Of the longer essays, the following I must mention before closing:
"Ellery Queen" (2005)--Breen's explanation for the decline in popularity of this great and hugely important Golden Age writer--as I have elsewhere noted The Cambridge Companion to American Crime Fiction does not even deign to mention Queen--is discerning, especially his point about how the misleading bifurcation of Golden Age crime fiction into two exclusive camps, an American hard-boiled school and a British "cozy" school has lamentably led to scores of writers who don't fit into their "proper" categories falling through the cracks of history.
Dorothy B. Hughes books with no pulp |
Incidentally, Breen has a good discussion here of Dorothy B. Hughes, about whom, he asserts, there is a modern-day misconception in academia: that she is a pulp writer.
Academics make the mistake of assuming "pulp" is "a synonym for mass-market paperback," notes Breen. But "pulp writer simply will not do as a description of Dorothy B. Hughes," he insists:
Her first book was a volume of poetry from Yale University Press, her novels were written for the hardcover book market from the beginning, she was inspired to fiction-writing by the very un-pulpish Eric Ambler, and she received respectful reviews from distinguished publications throughout her career.
Margaret Truman Ghostly Mysteries? |
Answer came there none, one imagines! But it's a very good question nevertheless.
"British Mysteries in the Twentieth Century" (2000)--An informative thirteen-page survey on the subject so dear to me own 'eart!

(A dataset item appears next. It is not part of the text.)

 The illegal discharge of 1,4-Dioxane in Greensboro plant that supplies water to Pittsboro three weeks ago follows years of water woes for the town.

Among other things, the essay includes an admirable defense indeed of the great Agatha Christie:
Nothing better demonstrates the dominance of Christie than the way later writers fall over themselves asserting how unlike her they are, dutifully saluting her plot spinning while exaggerating the flatness of her characters and underestimating the subtle charm of her style.

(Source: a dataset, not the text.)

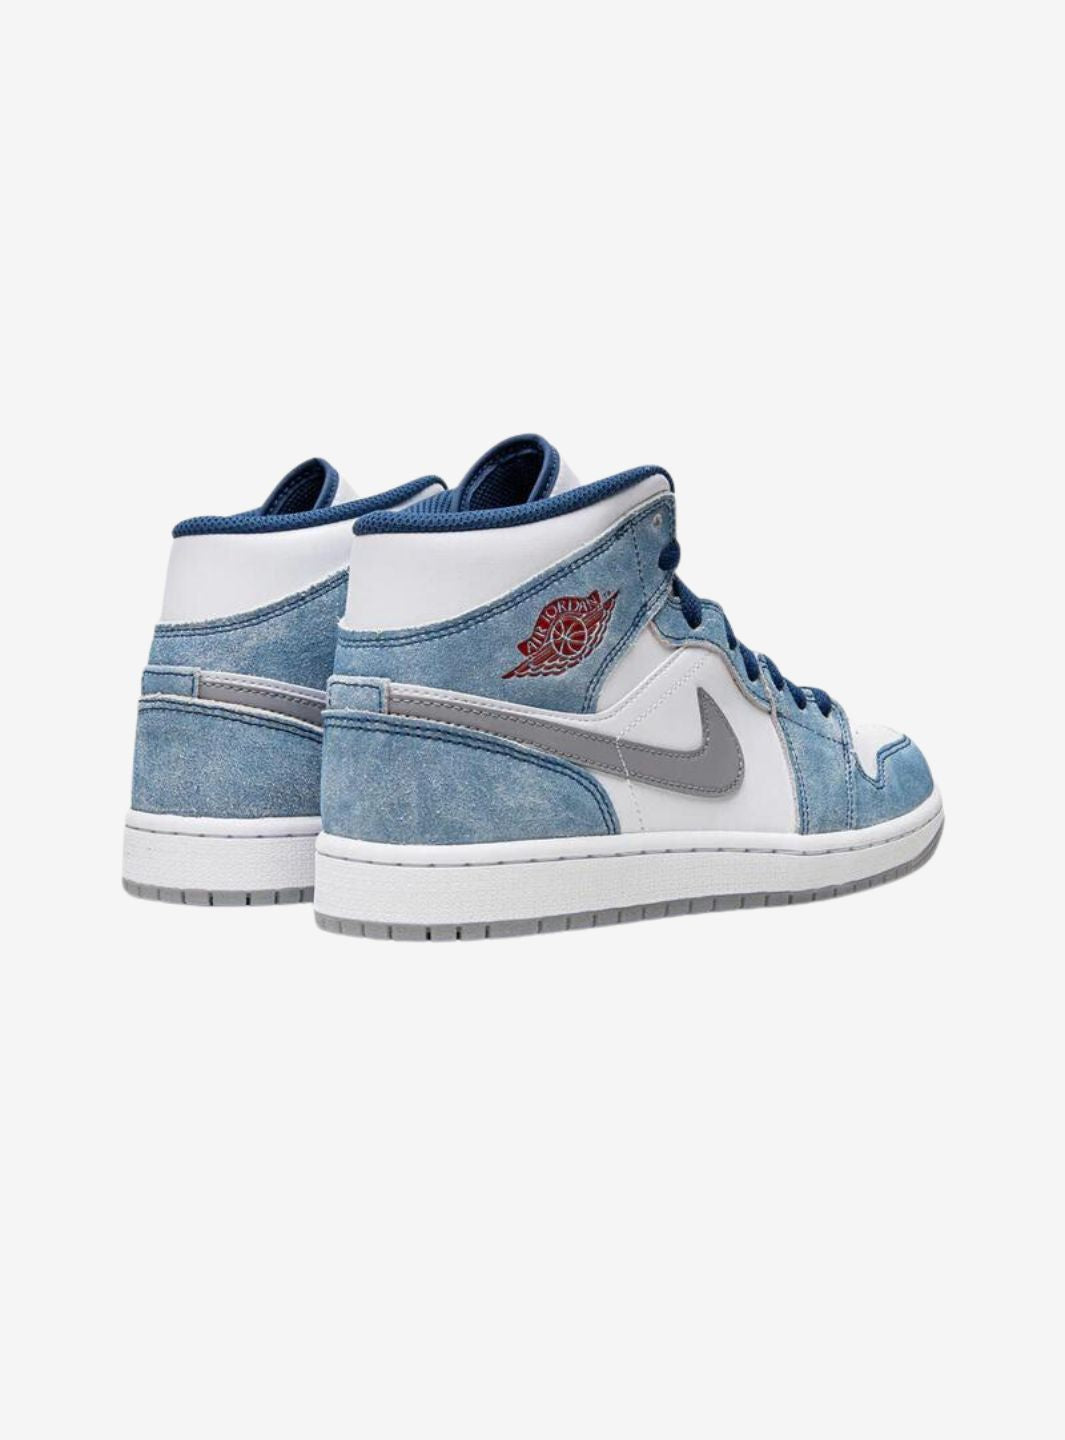 Air Jordan 1 Mid French Blue Fire Red - DN3706-401 | ResellZone

Also I was pleased to see Breen class John Rhode (Major John Street) as one of the "major practitioners" of the Golden Age of detective fiction and to recognize the worthy contributions of such writers as J. J. Connington (Alfred Walter Stewart) and Anthony Wynne (Robert McNair Wilson)--writers who are familiar, I'm sure, to readers of this blog!
"Don't Thrill Me" (2007)--an insightful piece on mystery/crime thrillers that includes this priceless line: "In fact, Dan Brown's novel [The DaVinci Code] works best as an old-fashioned clued detective puzzle, albeit an unusually badly-written one."
Epic fail? |
In "Forensic Failure," Breen rips Cornwell's book for overstating a weak case: "[I]f Cornwell's case went to court, the judge would dismiss it as without merit at the end of the prosecutor's evidence, sparing the defense the need to call any witnesses."
In "Daddy Did It" Breen deems Hodel's case (against Hodel's own father!) vastly more convincing, though he faults some of its more "fanciful speculations."
Rather witheringly Breen concludes: "Perhaps the next Dahlia book should be an objective assessment of all the competing theories by someone without a dramatic new suspect to advance. But that approach doesn't make for bestsellers."
After decades on the field, Jon L. Breen calls 'em like he sees 'em and, whether you always agree with him or not, you find what he has to say very much worth reading.